Many democrats and progressives that helped to elect Obama through a record number of individual financial contributions believed that his administration would stop the corporate power push, while restoring our civil liberties. On the campaign trail, Obama promised to restrict the warrantless wiretaps of the Bush administration’s Orwellian Uniting and Strengthening America by Providing Appropriate Tools Required to Intercept and Obstruct Terrorism Act, also known as the USA PATRIOT ACT. Yet, when it comes to protecting our civil rights, this President is no different than his predecessor– in February, Obama signed the PATRIOT ACT extension without reform.

Then, as if Obama had never been educated in Constitutional Law or held qualm with the illegal wiretapping under Bush, he stood in defense of warrantless wiretapping while invoking the State Secrets Privilege. Thankfully, in March, a federal judge deemed the National Surveillance Agency’s program of warrantless wiretapping illegal, despite the Obama administrations attempts to dismiss the suit by claiming a trial would lead to the disclosure of “state secrets”.
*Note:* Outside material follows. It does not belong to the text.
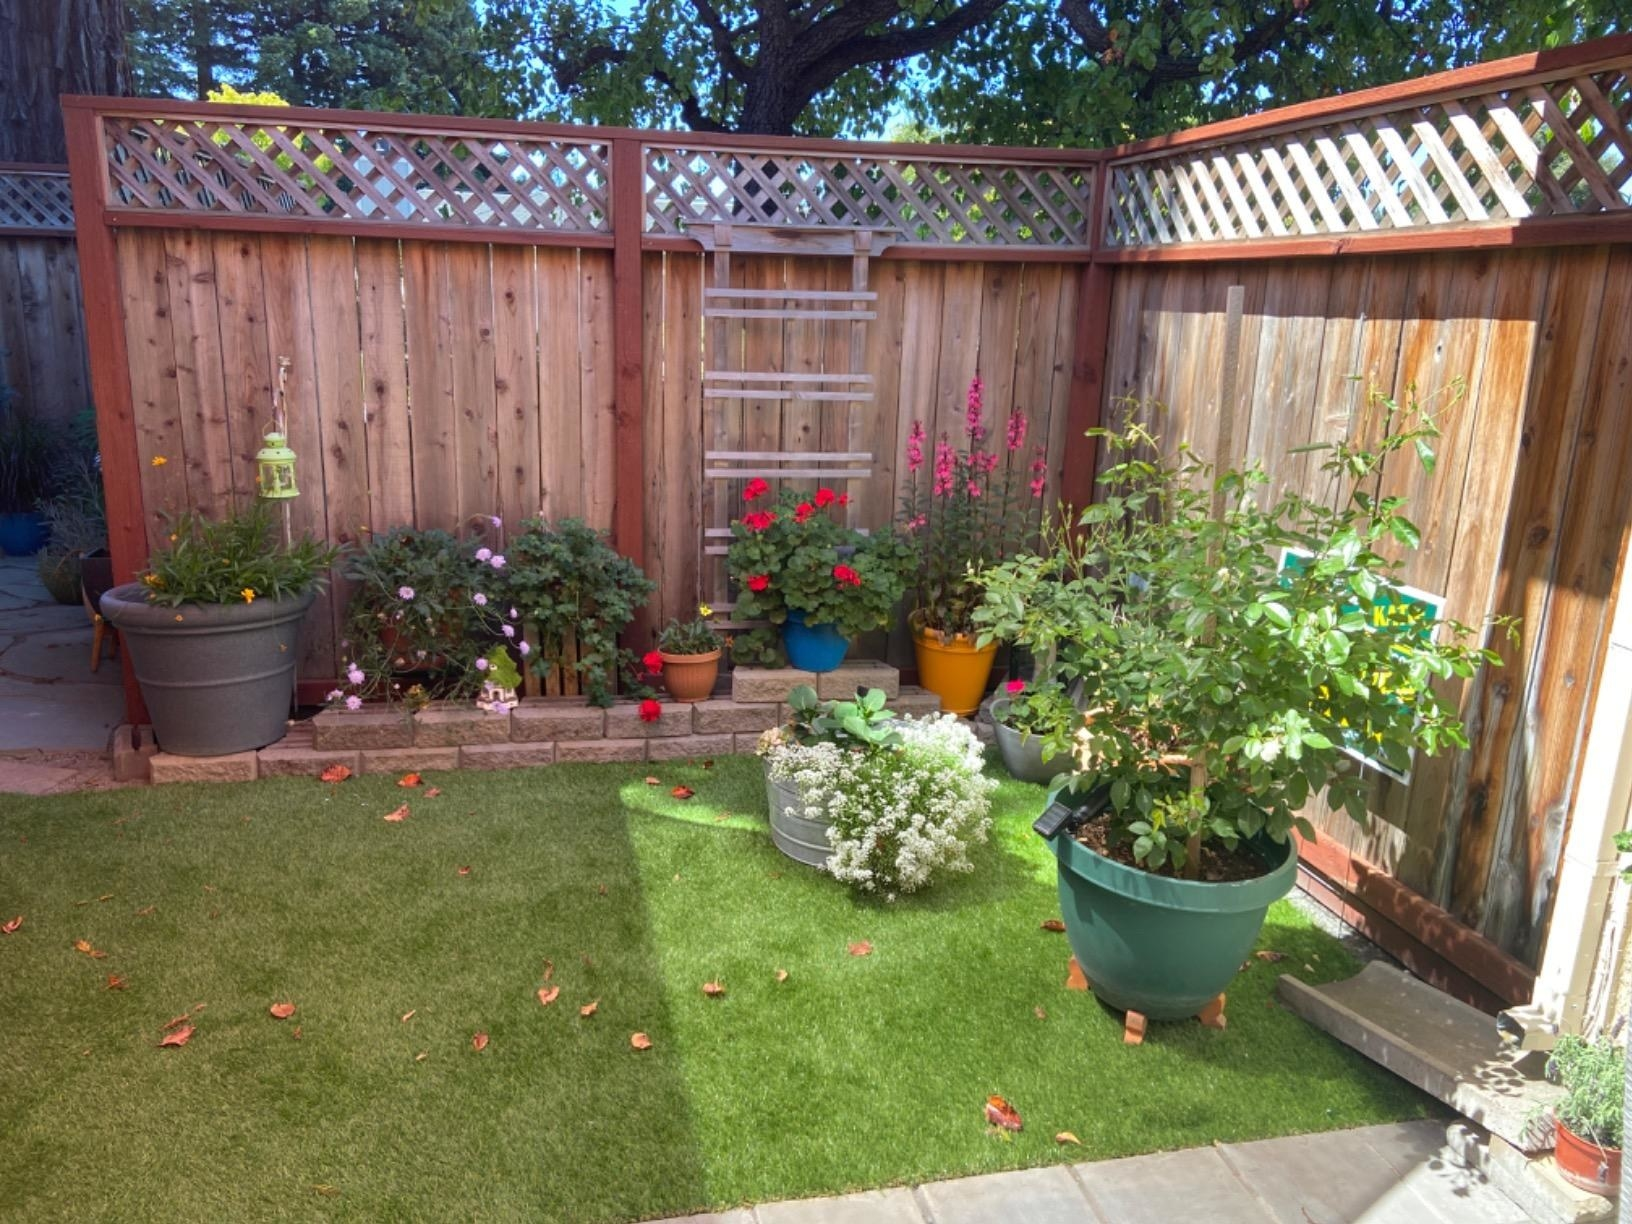 Reviewer photo of fake grass in their garden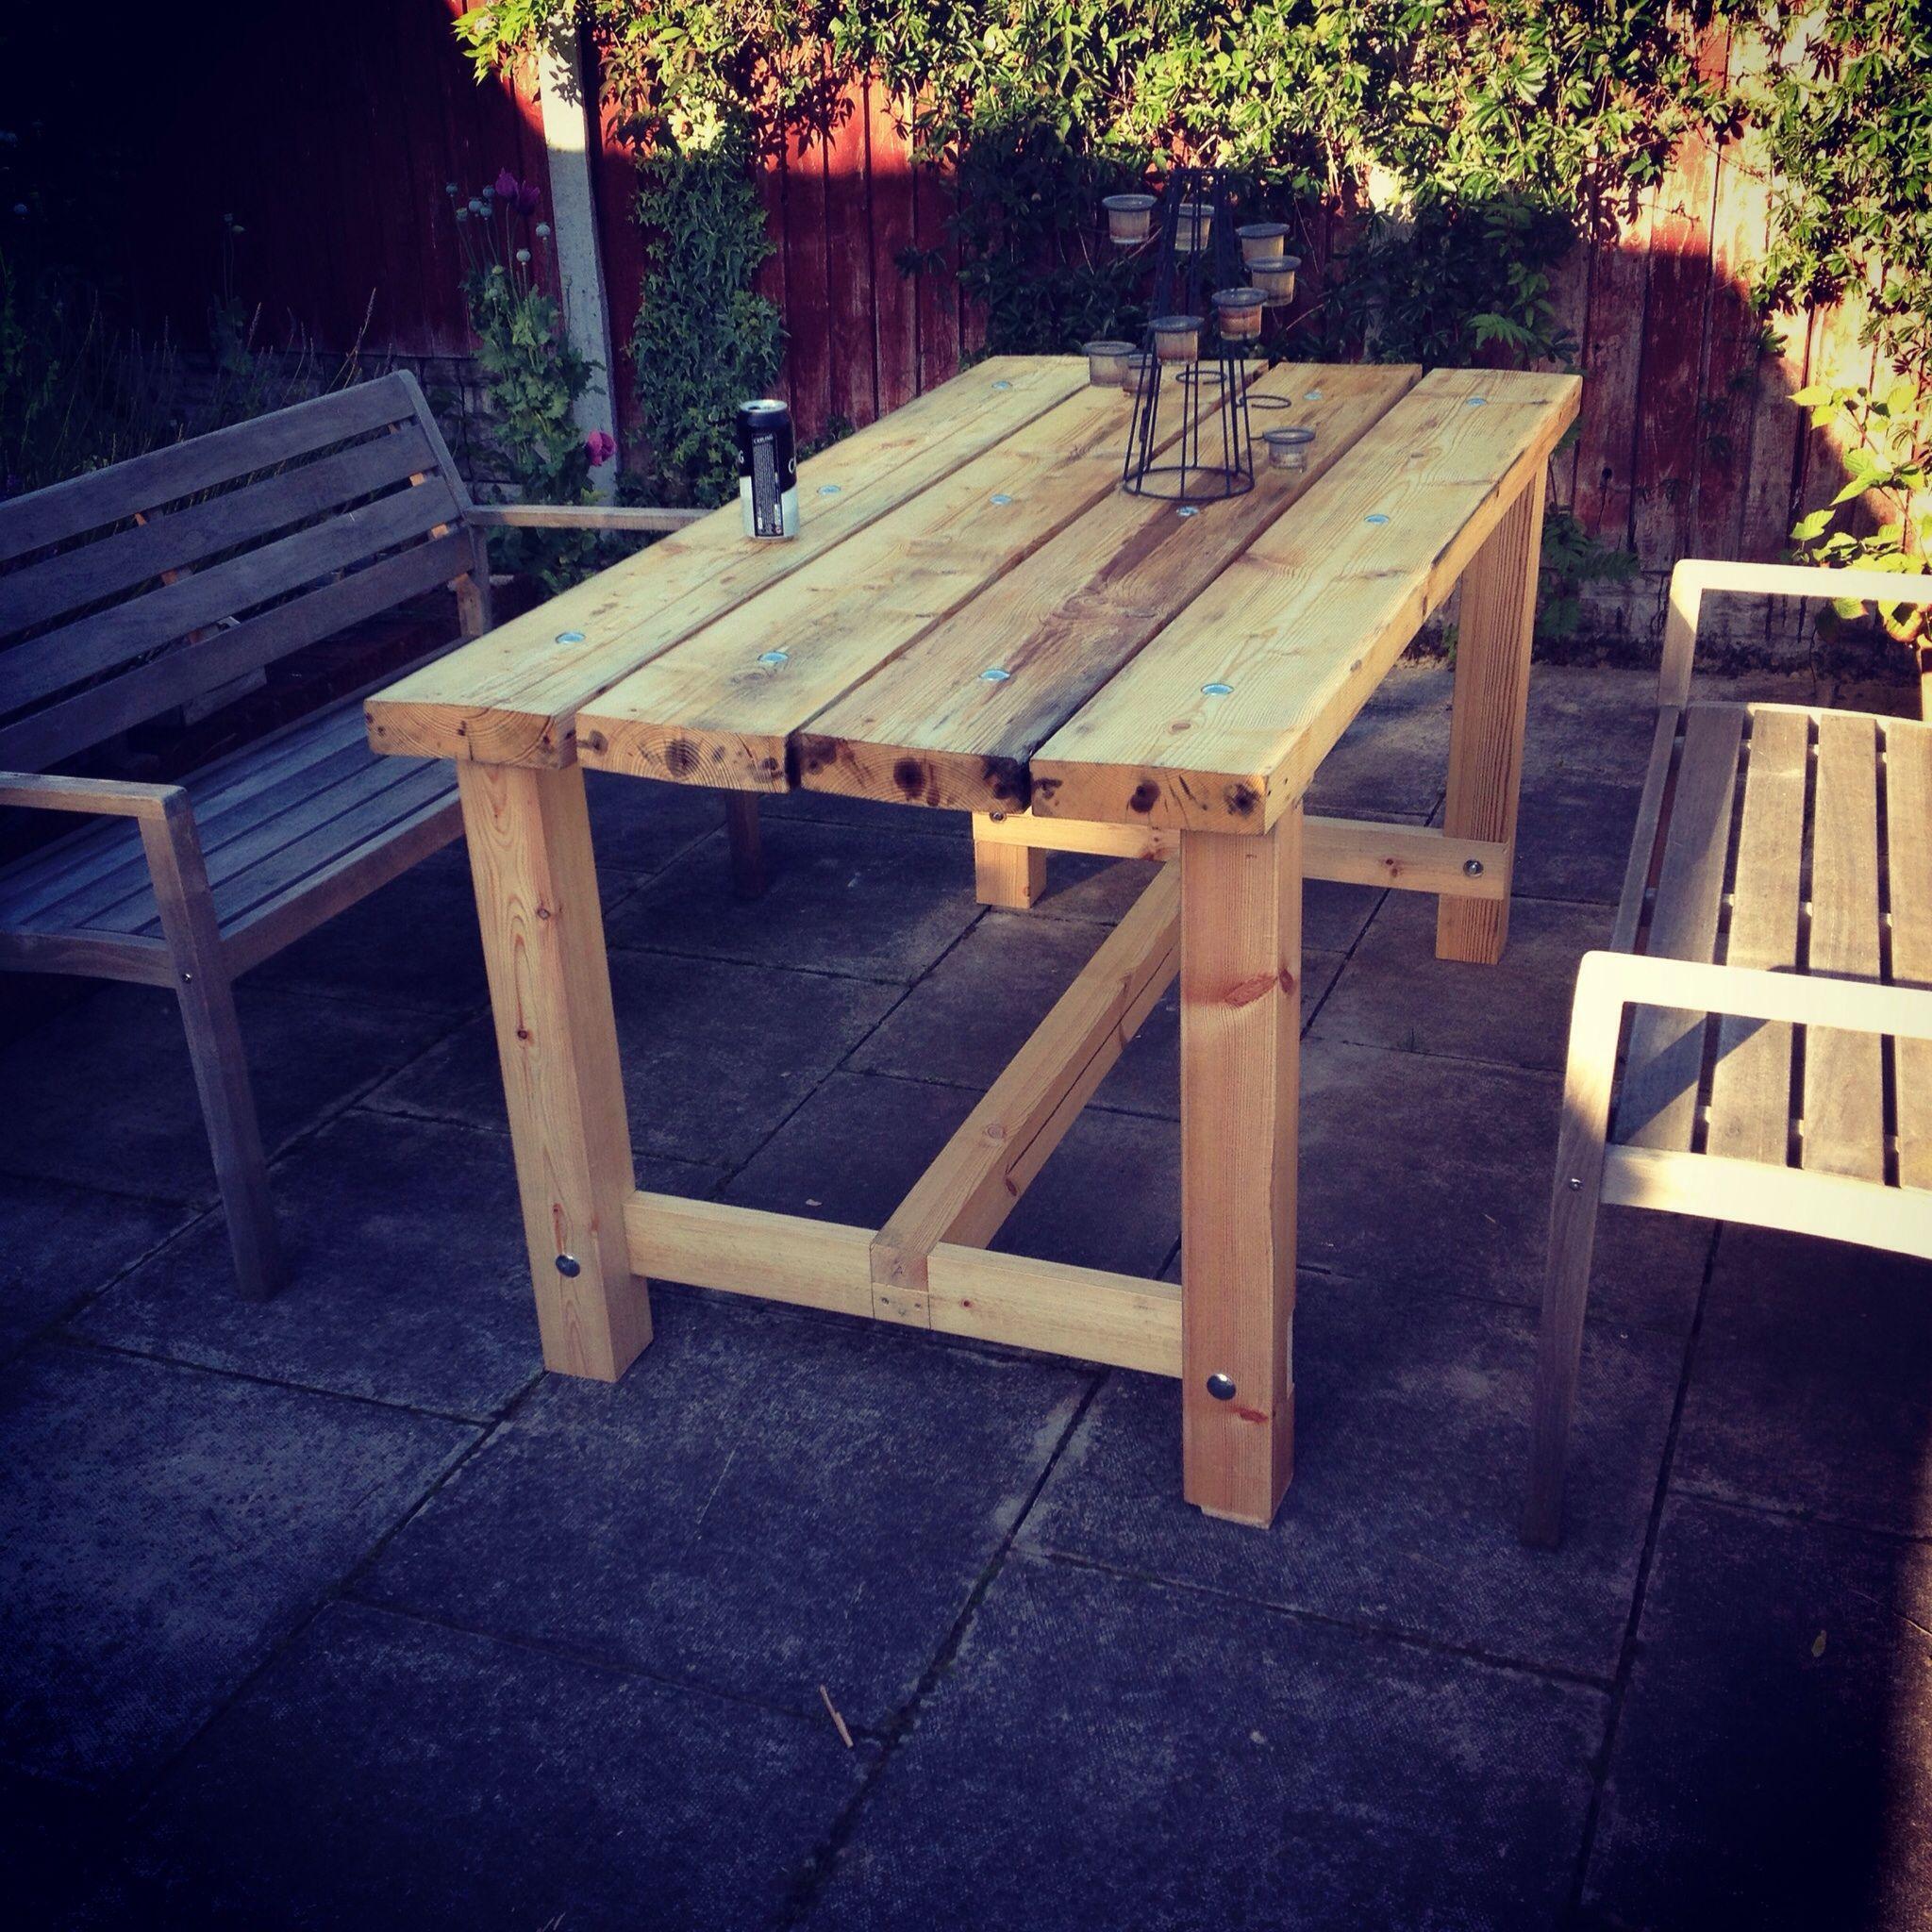 My Scaffold Board Table For The Garden Scaffold Wooden Garden Table Sofa Wood Frame Furniture

Interestingly, attorney Steven Goldberg explains in an interview with DemocracyNow! that there have been warrantless wiretapping cases that have not been allowed to proceed in court, because people could not prove that they had been wiretapped. Goldberg represented an Islamic charity that filed suit against the government after receiving a classified document that proved them victims of warrantless eavesdropping. This is the case that brought forward the decision against the NSA, and it is the only case that has been able to prove wiretapping.

It is difficult to know how the government is using its extensive surveillance powers or what other privileges may be drafted and justified through propagandized fear and base emotion. As our government and courts paved the path for the expanding power and influence of corporations, elected leaders and unelected businessmen are working close together shaping policies and ideas as they share positions in think tanks, on boards of directors and in political cabinets. An authoritarian government begins to emerge when unelected leaders join government leaders to institute laws and policies that serve their interest above those of the people, whose rights and political influence are increasingly diminished to nothing more than the symbolic act of voting.